Tuesday, March 14, 2023

What Happens When AI Has Read Everything?

Ross Anderson
The Atlantic
Originally posted 18 JAN 23

Here is an excerpt:

Ten trillion words is enough to encompass all of humanity’s digitized books, all of our digitized scientific papers, and much of the blogosphere. That’s not to say that GPT-4 will have read all of that material, only that doing so is well within its technical reach. You could imagine its AI successors absorbing our entire deep-time textual record across their first few months, and then topping up with a two-hour reading vacation each January, during which they could mainline every book and scientific paper published the previous year.

Just because AIs will soon be able to read all of our books doesn’t mean they can catch up on all of the text we produce. The internet’s storage capacity is of an entirely different order, and it’s a much more democratic cultural-preservation technology than book publishing. Every year, billions of people write sentences that are stockpiled in its databases, many owned by social-media platforms.

Random text scraped from the internet generally doesn’t make for good training data, with Wikipedia articles being a notable exception. But perhaps future algorithms will allow AIs to wring sense from our aggregated tweets, Instagram captions, and Facebook statuses.

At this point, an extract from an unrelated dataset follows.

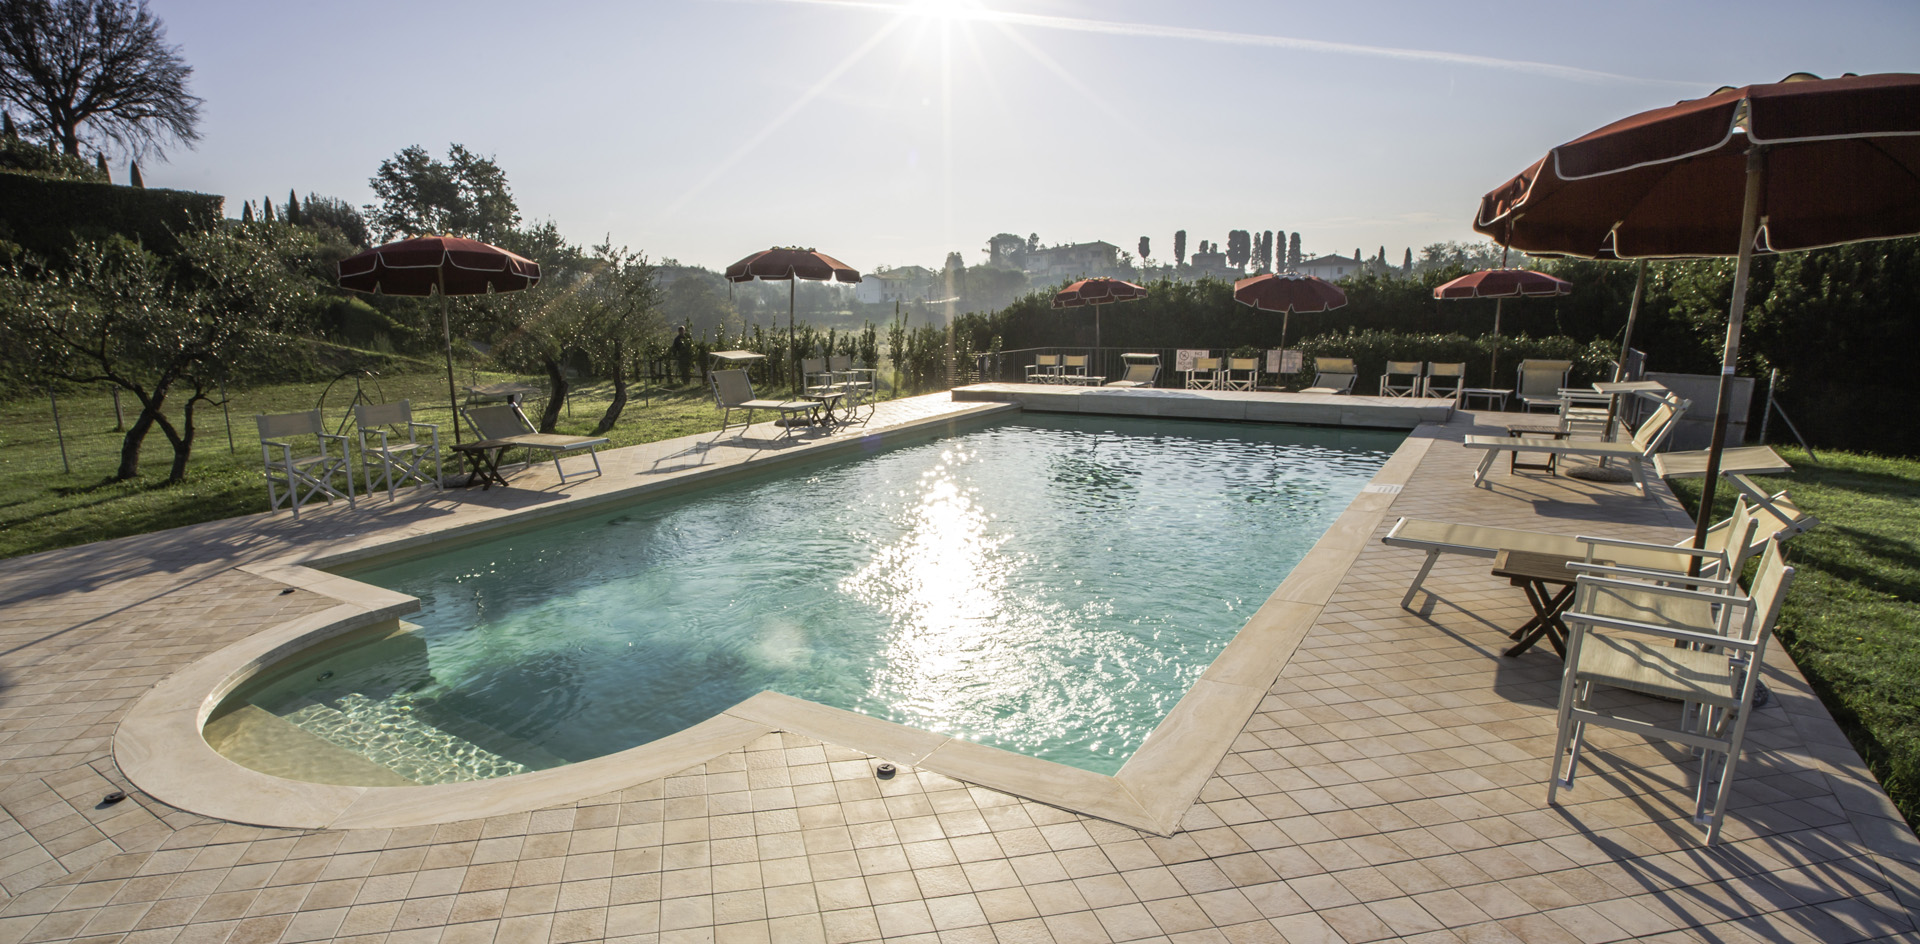 Relax by the pool surrounded by the olive trees and cypresses of Tuscany

Even so, these low-quality sources won’t be inexhaustible. According to Villalobos, within a few decades, speed-reading AIs will be powerful enough to ingest hundreds of trillions of words—including all those that human beings have so far stuffed into the web.

And the conclusion:

If, however, our data-gorging AIs do someday surpass human cognition, we will have to console ourselves with the fact that they are made in our image. AIs are not aliens. They are not the exotic other. They are of us, and they are from here. They have gazed upon the Earth’s landscapes. They have seen the sun setting on its oceans billions of times. They know our oldest stories. They use our names for the stars. Among the first words they learn are flow, mother, fire, and ash.